Matthew took that video.  Matthew and I want to take one of the kittens into the house for keeps but Rochelle won’t let us.  We have two pets already and she doesn’t want to take care of another.  Even though she has been feeding them twice a day regularly now for almost three months.  Plus I worry about how Tiger will react to another cat, especially a kitten.  Cats I understand don’t always like other cats.

Here’s a little one on the lounge chair.


 


One day from the deck above overlooking the deck below I saw the Mama nursing two of the cats in that lounge chair.  I did not get a picture unfortunately. 

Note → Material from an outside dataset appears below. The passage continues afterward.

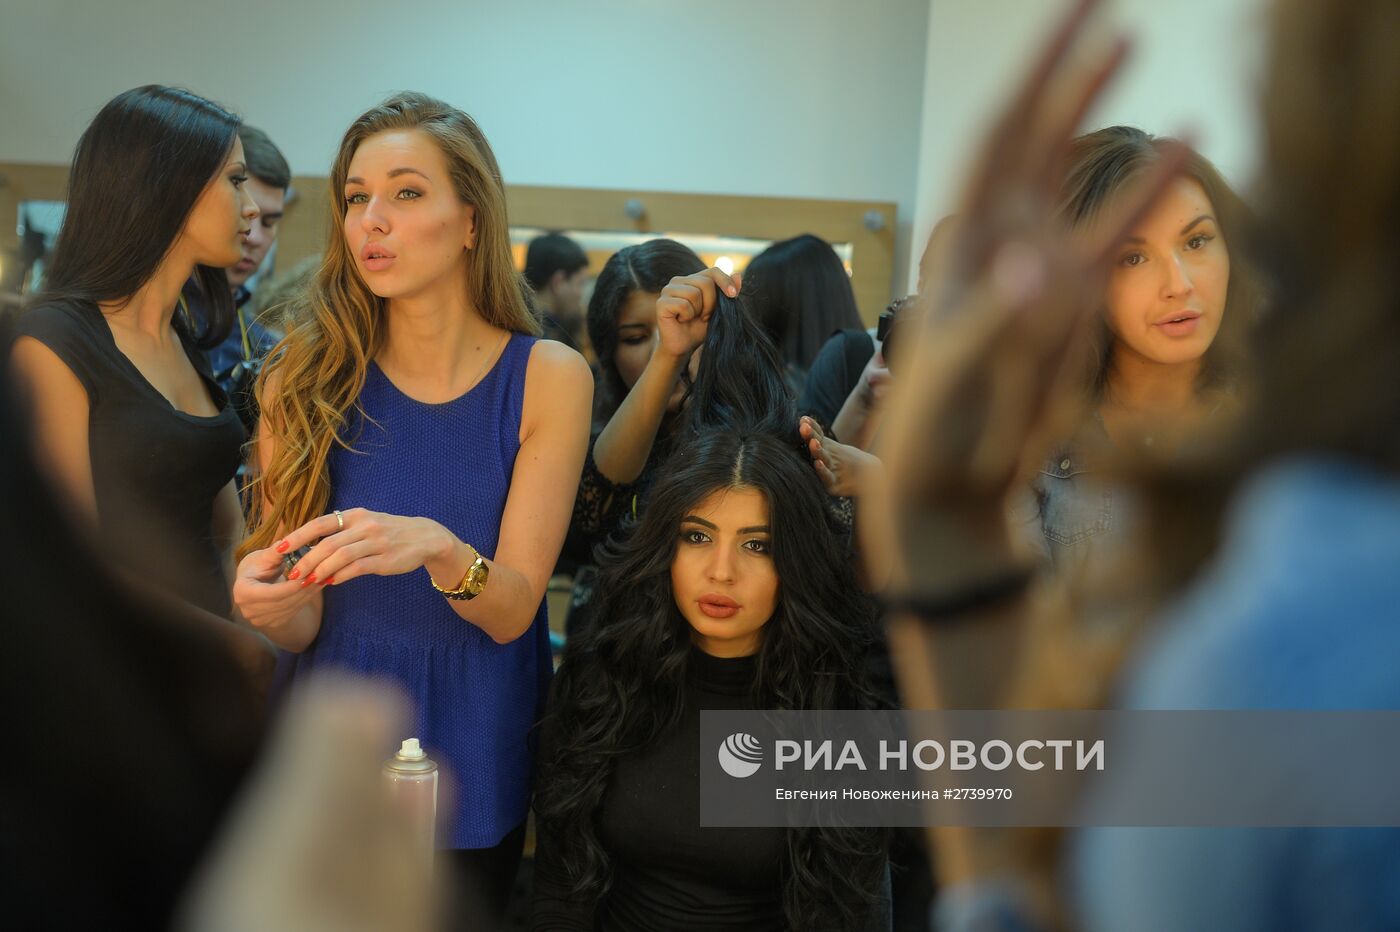 XXI Национальный фестиваль талантов и красоты "Краса России"

Here’s a video clip of me intruding on them in the yard and the three or four of the kits scrambling to hide.

 


They are so cute.  You can see how much they’ve grown in that video, which must be around early September.  One of them is Star.  Here is a good photo of Star.

 


Here’s another video of two rough housing.

 


I think that’s Star and Tux.

We take a lot of pictures of them.  Here are a bunch.  Hope you don't get bored but I'm a proud daddy.

 





 


You can kind of get a view of my garden in some of these pictures and clips.  Most of my gardening is done in pots.  It’s been a magnificent year overall for my garden but especially for tomatoes and eggplant.

One of the all black cats has become the friendliest.  He might even be the smallest.  He comes close to me as I work in the garden.  I call him Shadow because he’s all black and because he sticks by me like my shadow.  Here are a couple of pictures of Shadow.

 



Here is Shadow playing with a toy with Rochelle.

 

 

Finally, they are getting big.  Here they are like a pack of lions feasting.

 


I must admit, they eat rather kindly with each other.  The mother has done a nice job of raising them with manners.  Finally all six in one shot.

 


Bless them.  I think they have blessed us.  I hope they stay in my backyard for a while.